Is there a way to configure bazel-remote for this sort of expiration? If not, is there an API that could be used to purge the cache periodically, or some other way to ensure the presence of artifacts in the backing store is regularly queried.

mostynb commented 3 years ago

Hi, I don't think bazel-remote currently has a good solution for this. I suspect that most users of bazel-remote's s3 backend simply have deep pockets and never delete s3 objects, or maybe they simultaneously clear bazel-remote's disk cache- but these are just guesses.

There has been talk of possibly implementing a proxy-only mode (ie no local disk cache, proxy all requests to s3), but I have some performance concerns, and I don't have an AWS account to test with.

Another option would be to implement asynchronous uploads for every local disk cache hit (checking if they exist on s3 before uploading).

MaciejKucia commented 3 years ago

Would some kind of periodic bucket scan solve this?

mostynb commented 3 years ago

I don't think S3 keeps track of the last access time for a blob, so I'm not sure what we would scan for.

MaciejKucia commented 3 years ago

You can with cloudwatch but I mearly meant to scan for deleted objects. I want to expire S3 objects and re-populate if needed.

mostynb commented 3 years ago

Re-reading the original issue description, @djmarcin has CI talking to bazel-remote which proxies blobs to S3 (which expires blobs 30 days after they're created), and developers using direct read-only access to S3. And the problem is that blobs that stay in bazel-remote's disk cache are never repopulated in S3 after they're deleted there.

One potential solution (which https://github.com/znly/bazel-cache/ uses with GCS) is to make bazel-remote update the metadata for the S3 blob every time a blob is accessed from its disk cache, for S3 I guess this would mean copying the blob to itself, and then re-uploading it if it no longer exists. I think that copy can be done without uploading the data again.

Another, simpler solution might be to run a separate bazel-remote instance for developers which they have read-write access to, which has readonly access to the CI bazel-remote instance (using the http proxy backend). However this might also require modifications to bazel-remote if you're using compressed storage, which I haven't gotten around to yet.

carpenterjc commented 2 years ago

I have been considering this problem for S3 too, as we want a more sophisticated solution which allows us to keep build graphs referenced while using --remote_download_toplevel or --remote_download_minimal. The problem with those options is bazel will avoid downloading object files from 'cas', unless you need to relink that part of the build. If you have a cache expiration policy which deletes on last access time file irrespective of type, then in the rare case when you need to relink it will not be able to pull the required files from cas.

I wondered about adapting remote-cache such that when it validates the ac records, it will record all references to cas items in a linked redis instance. We can then write another simple container that queries all items in S3, and expires records which are no-longer referenced.

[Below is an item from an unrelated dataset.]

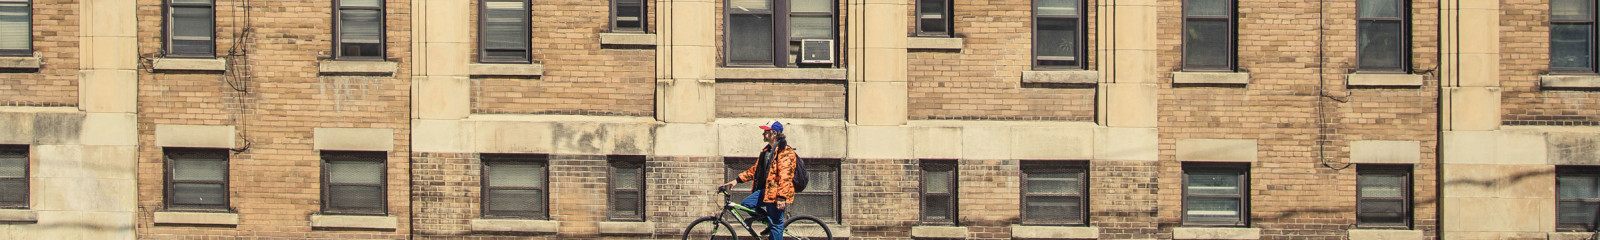 man on bike in front of an old brick apartment building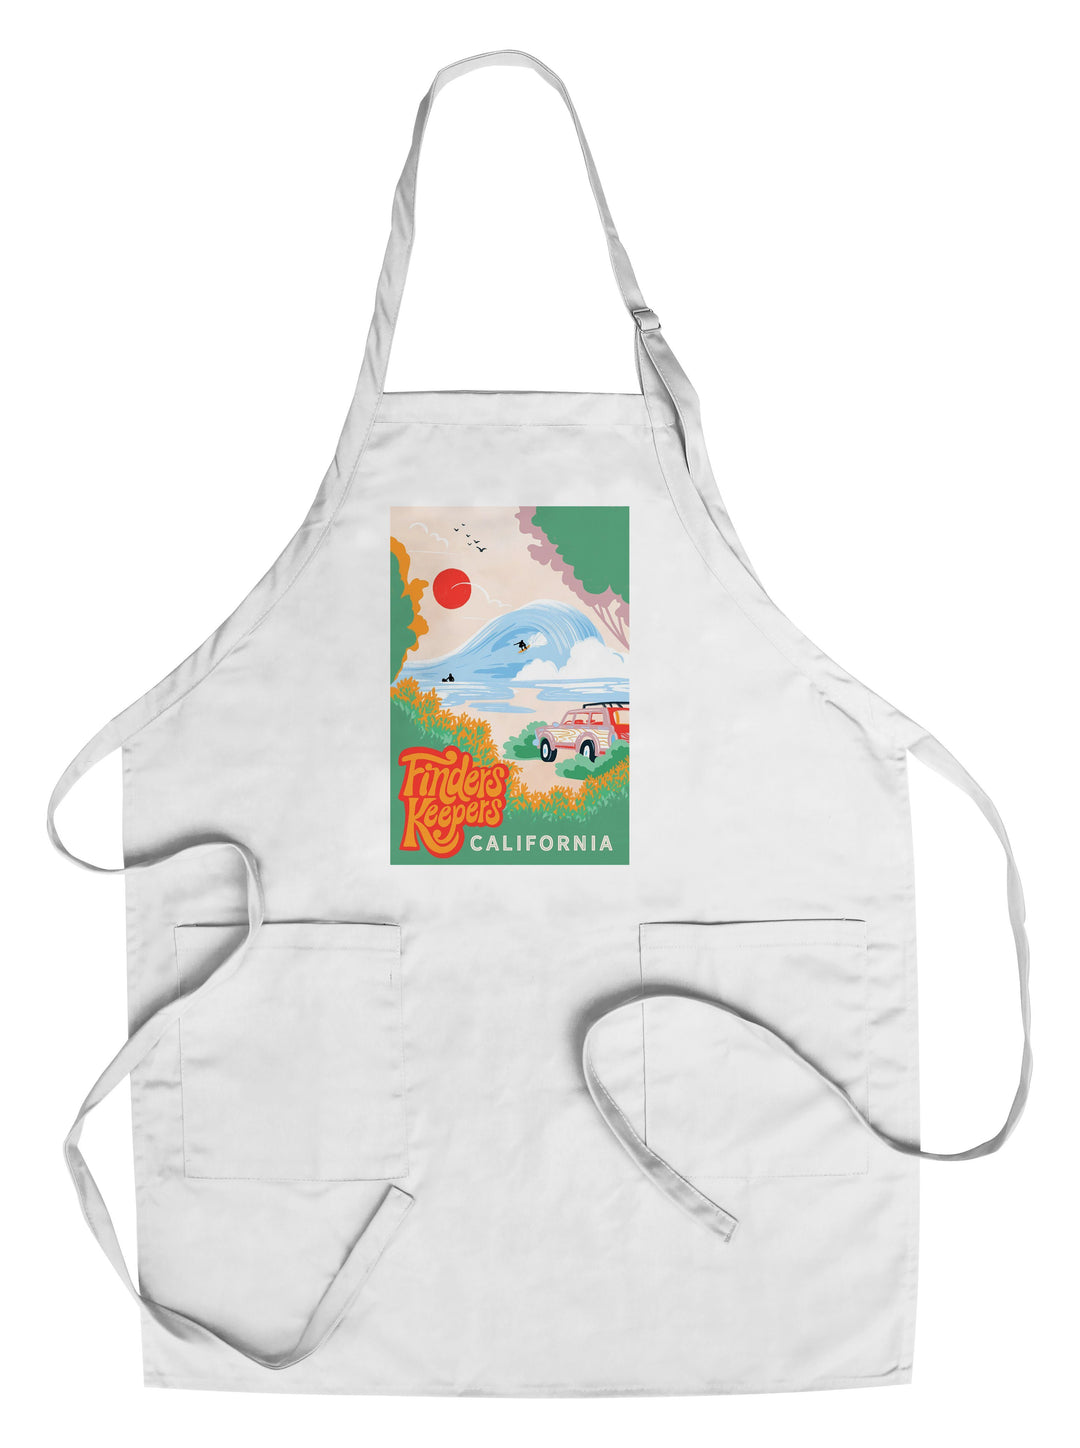 California, Secret Surf Spot Collection, Surf Scene at the Beach, Finders Keepers, Towels and Aprons Kitchen Lantern Press Chef's Apron

Our current solution parses http server access logs, which is error prone and slow due to the sheer quantity of data in the access logs.

If the data stored in redis is a simple hashmap of (cas/ac)/checksum date last accessed, then you don't need much information to exchange with redis as items only change at most once per day. S3 sweep could be as simple as query all items in S3, lookup last access date in redis, schedule for removal if not accessed.

It works with reproducible builds where many ac records may reference one cas record, because it only takes one ac access to keep its cas records alive.